### Data below
%%

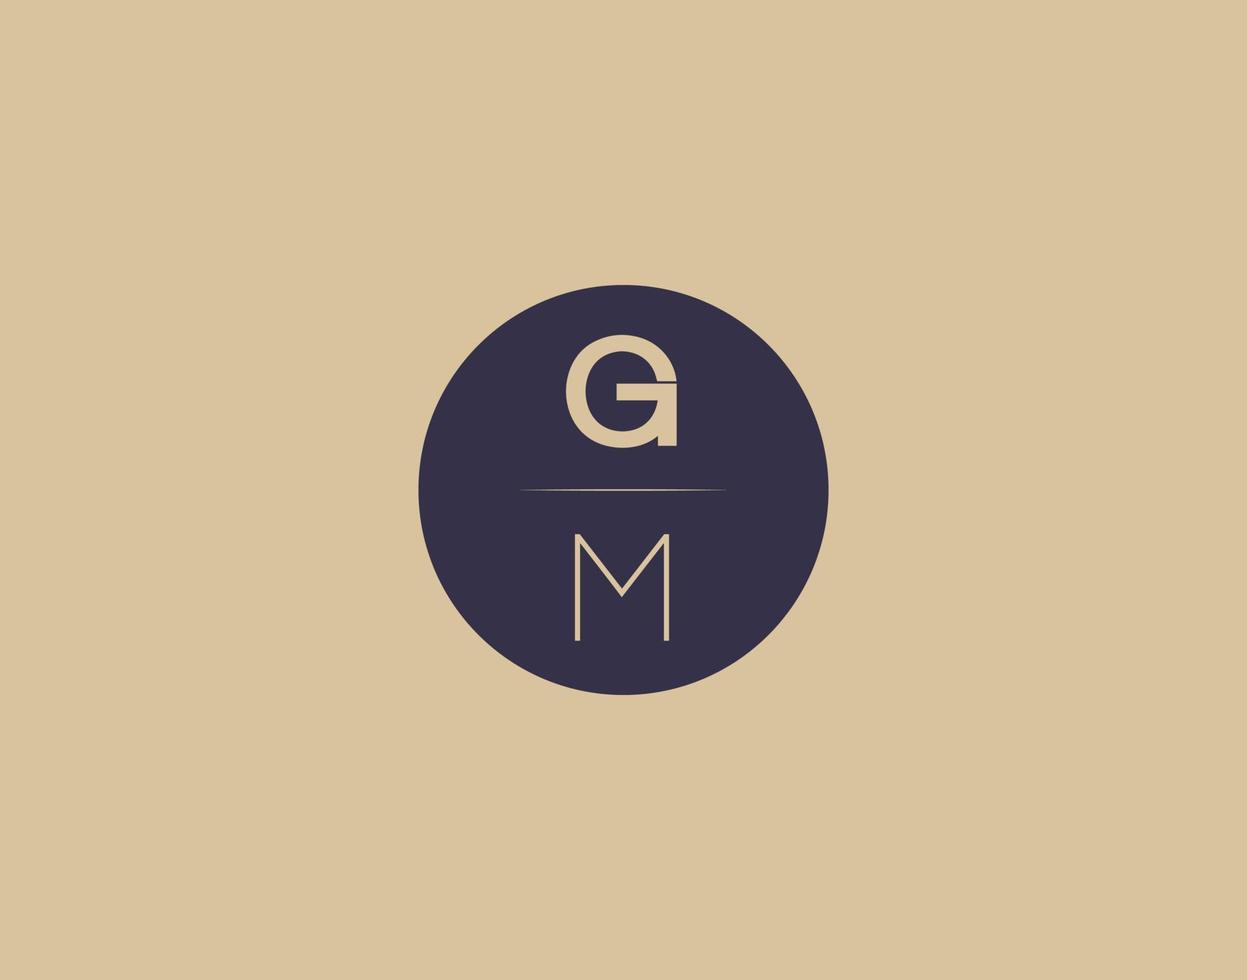 gm brief modern elegant logo ontwerp vector afbeeldingen
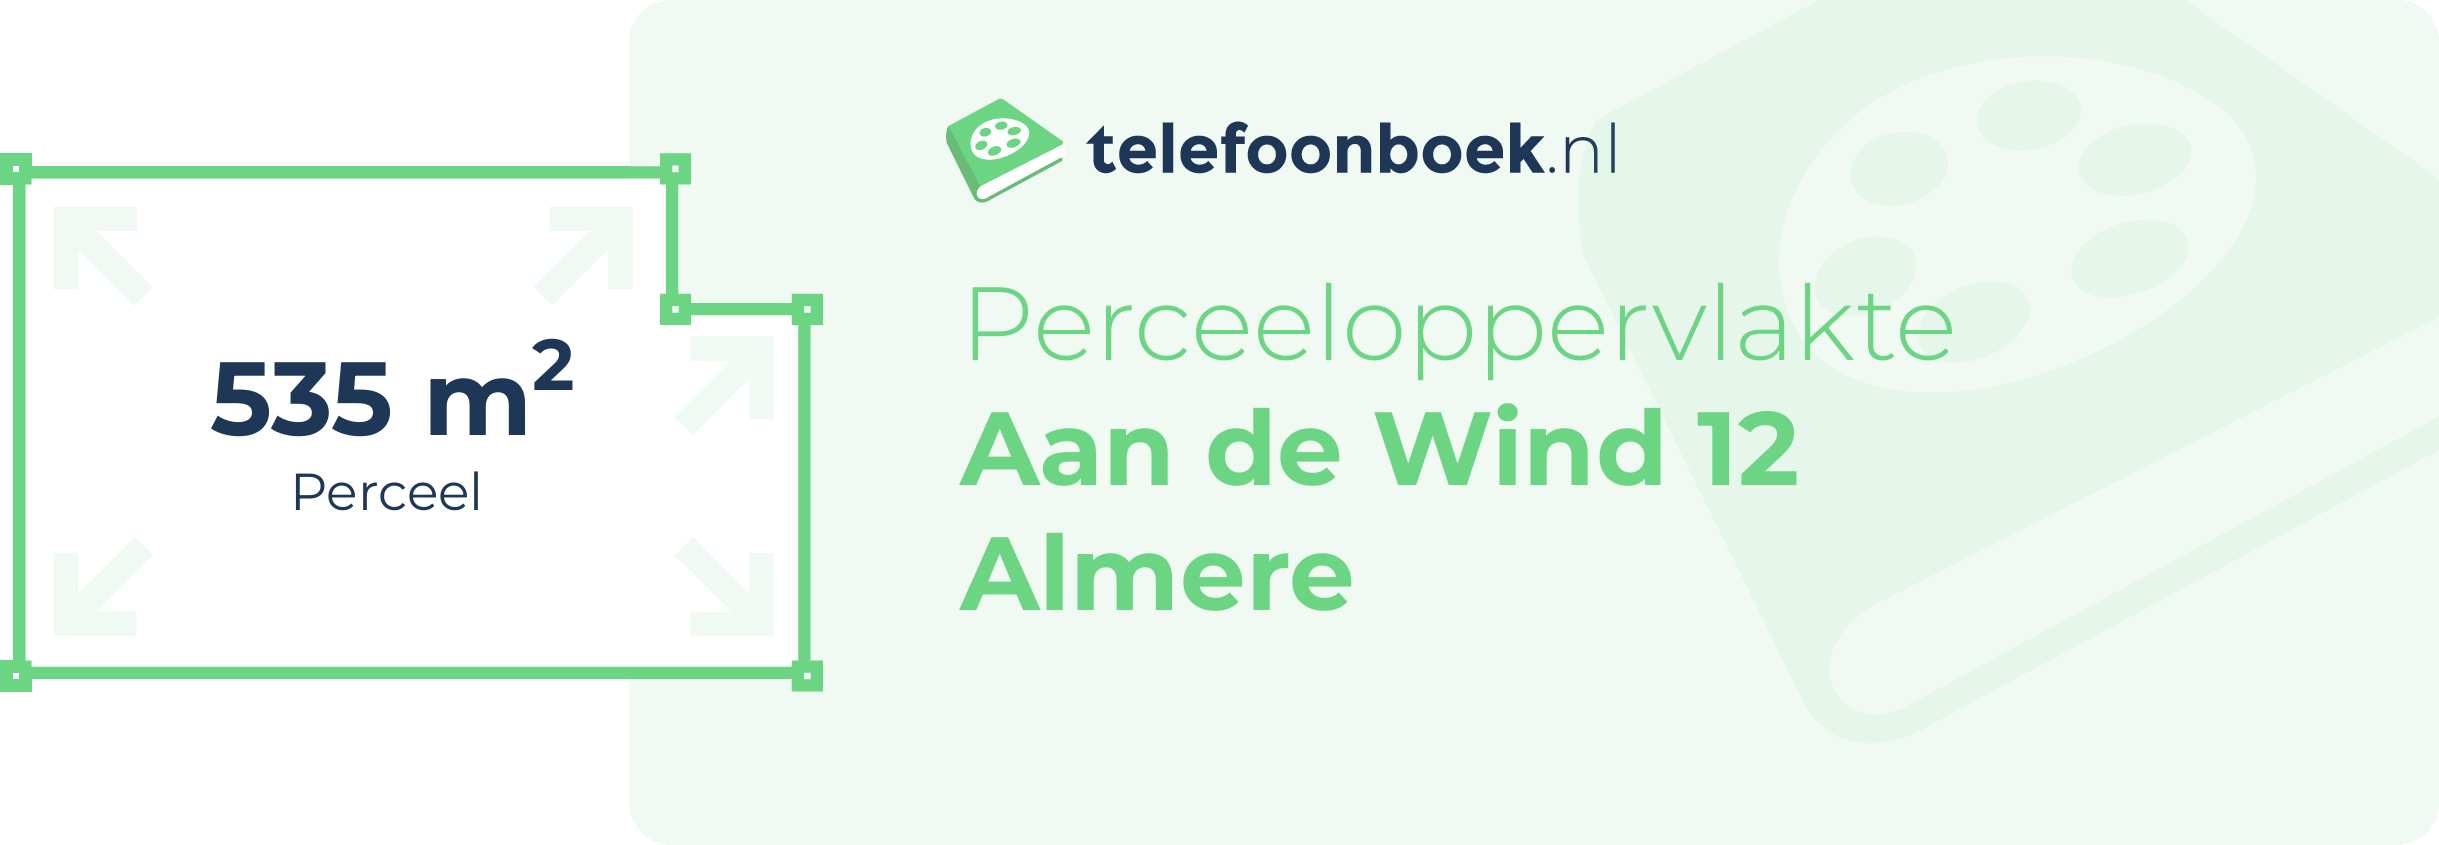 Perceeloppervlakte Aan De Wind 12 Almere
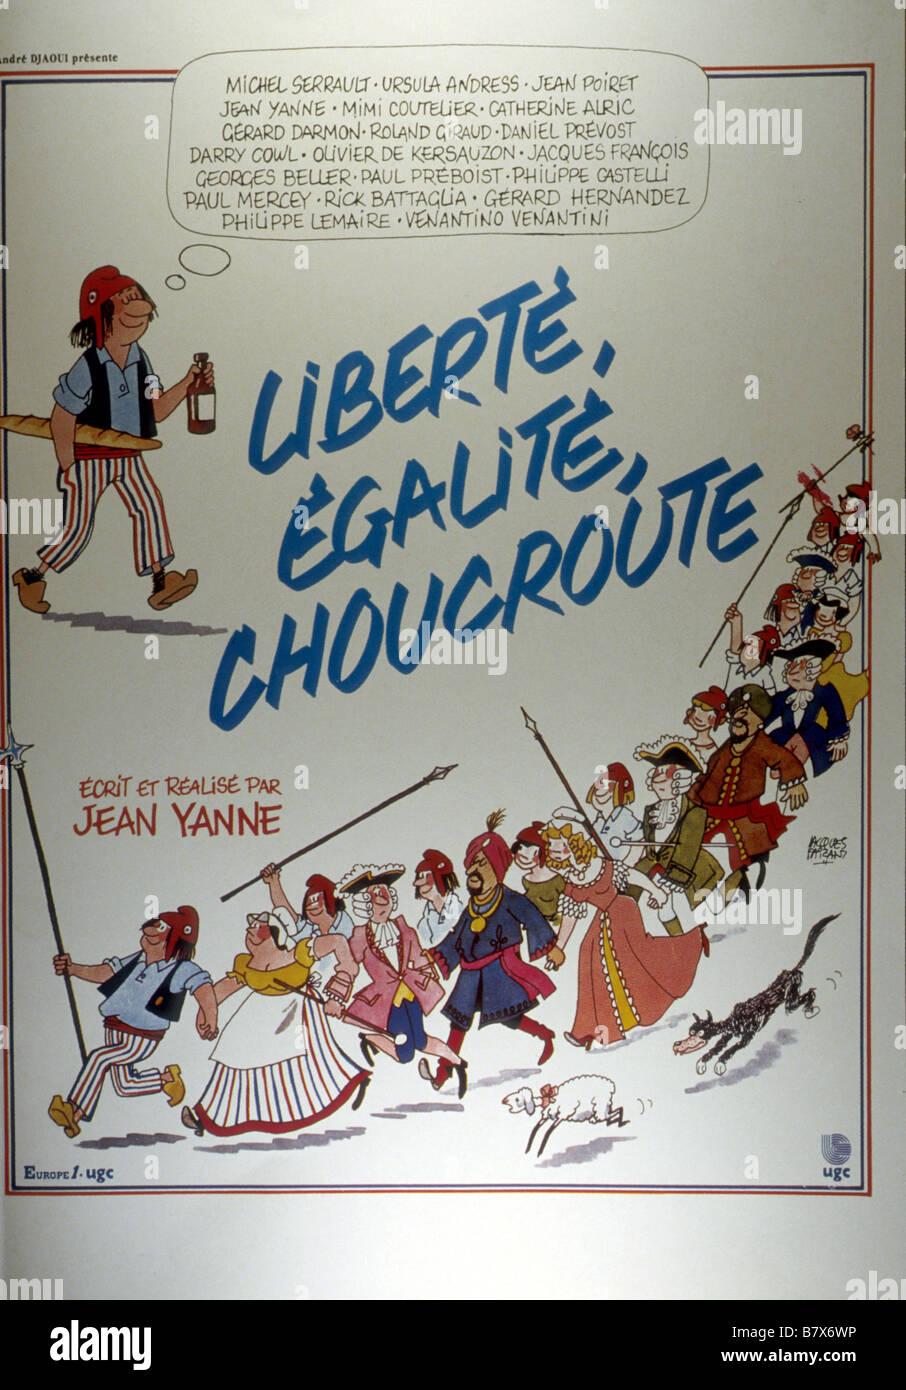 Liberté, égalité, choucroute  Year: 1985 - France Affiche , Poster  Director: Jean Yanne Stock Photo
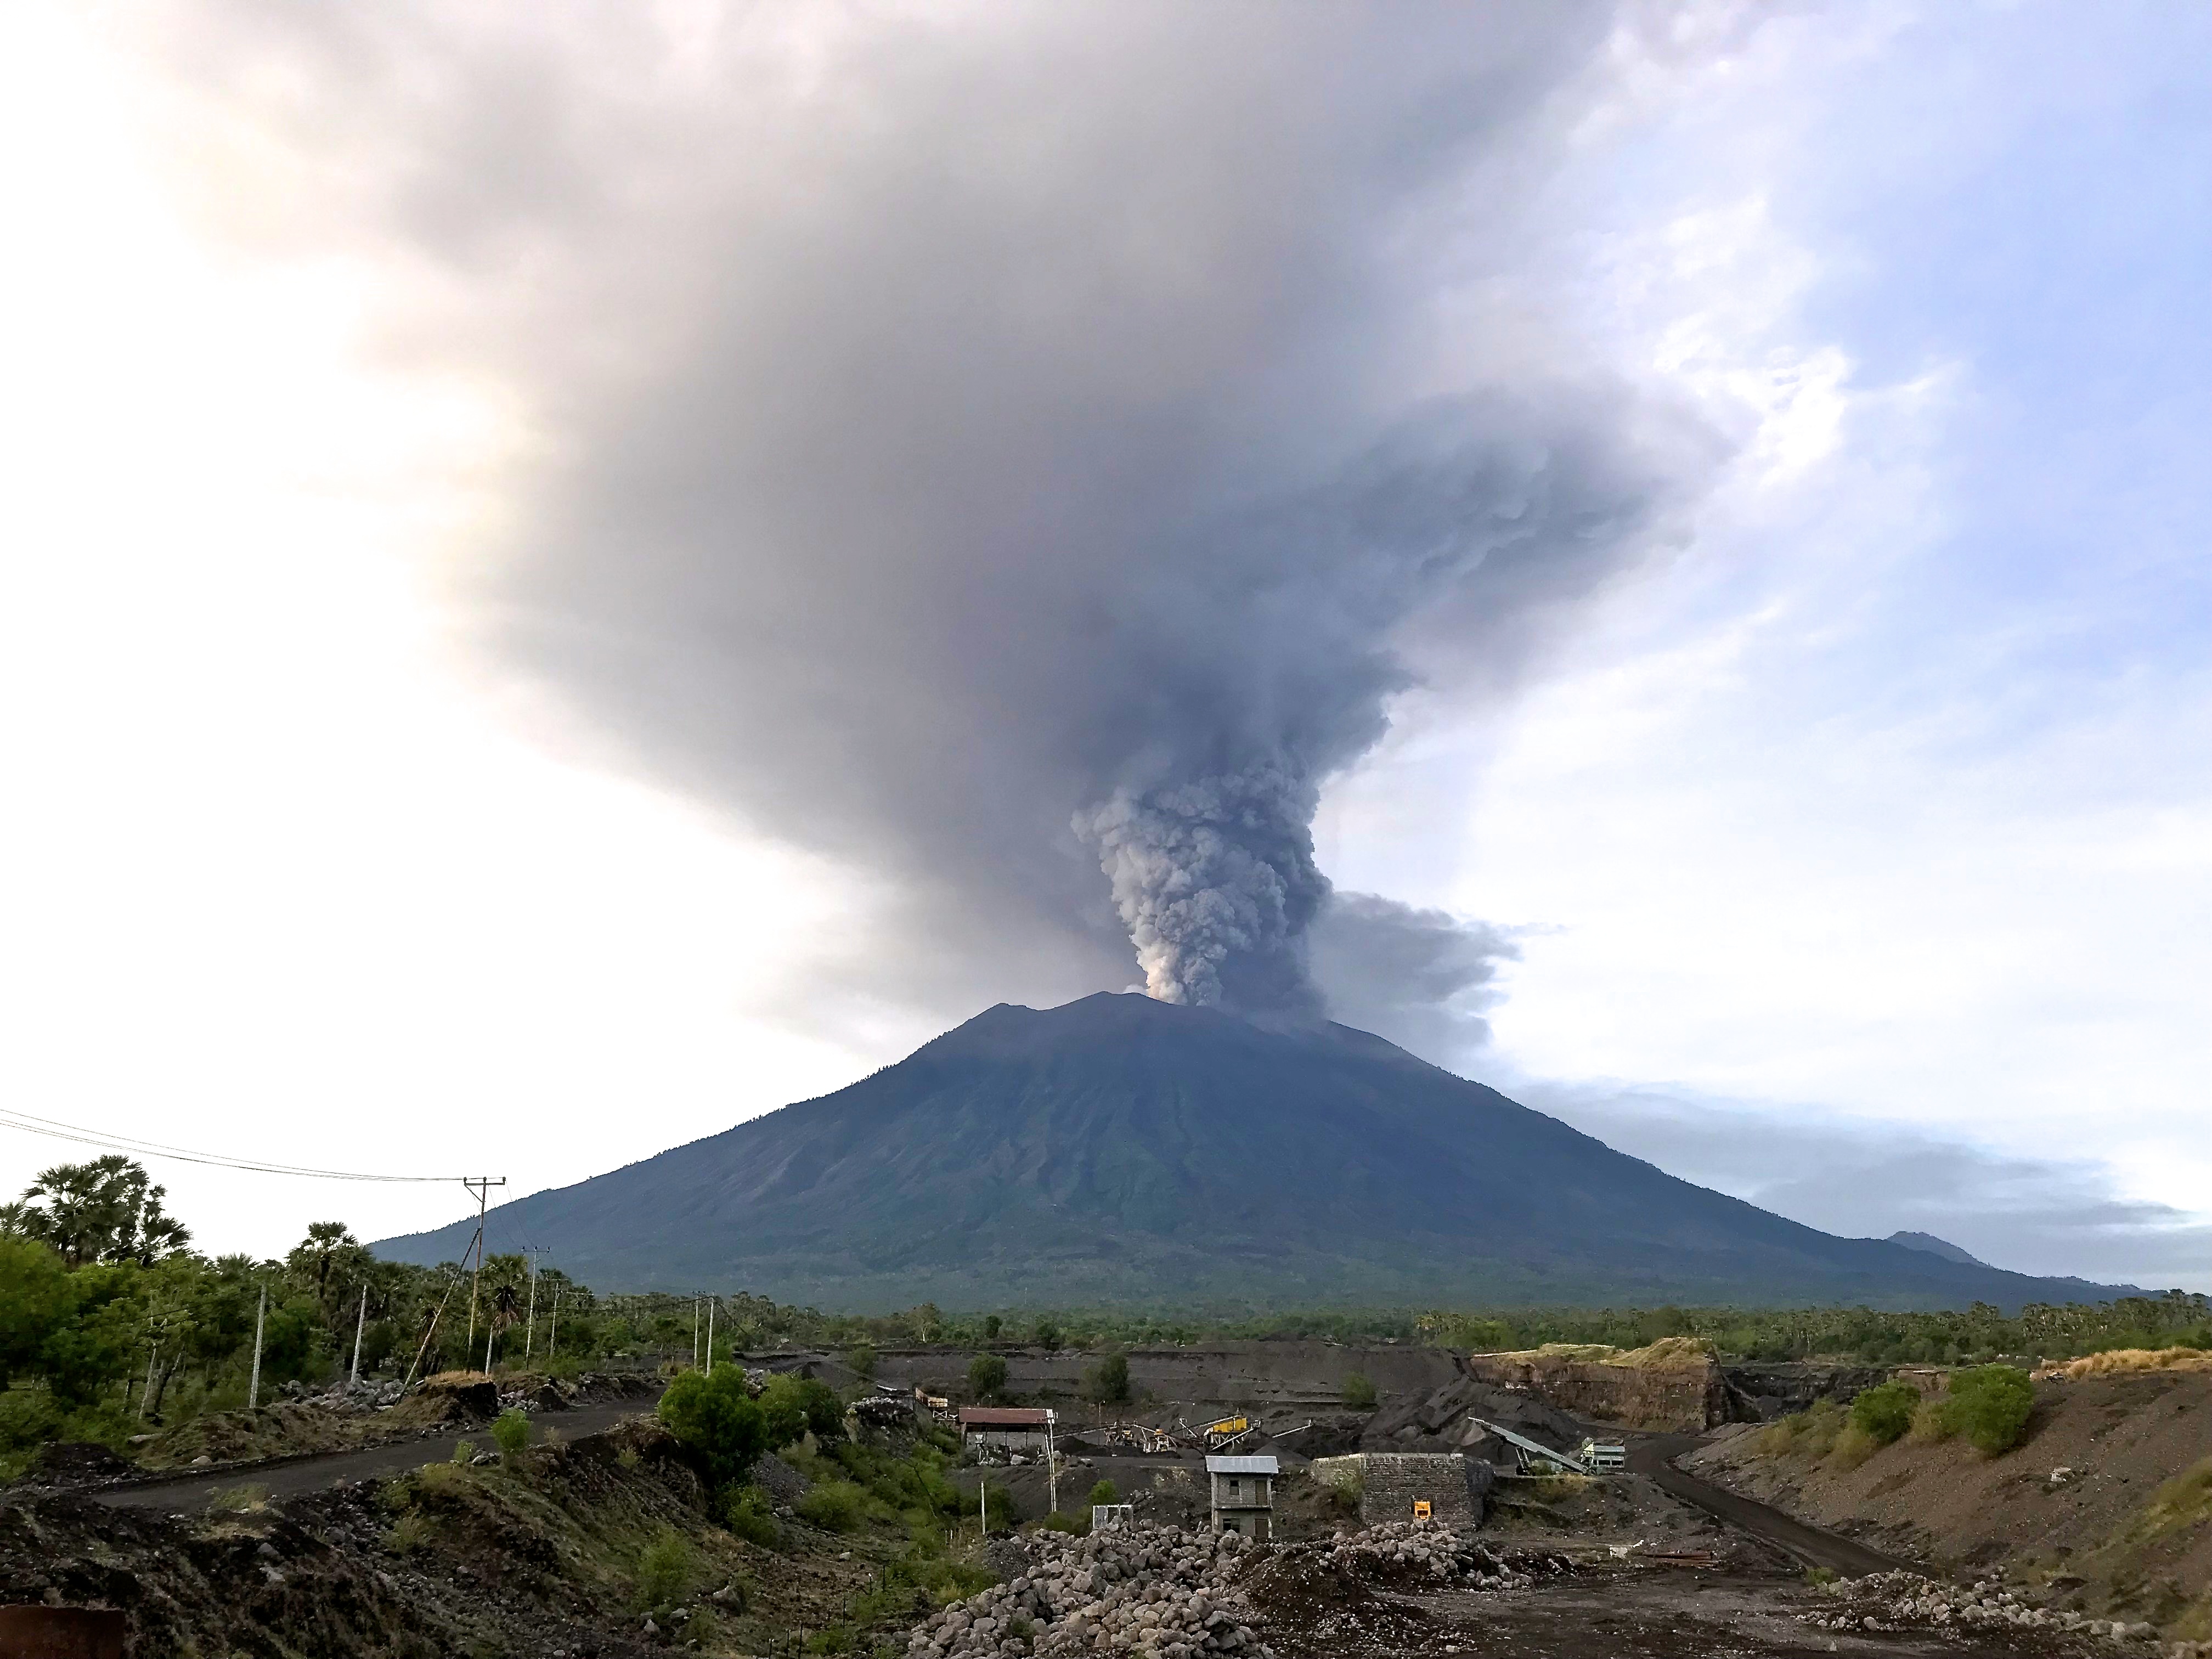 Drone technology helps improve understanding of volcanoes

%%

### To do
If pictures appear in the data, do not print them; repeat the rest exactly.

### Output for this exercise
 gm brief modern elegant logo ontwerp vector afbeeldingen
 Perceeloppervlakte Aan De Wind 12 Almere
 Liberté, égalité, choucroute  Year: 1985 - France Affiche , Poster  Director: Jean Yanne Stock Photo
 Drone technology helps improve understanding of volcanoes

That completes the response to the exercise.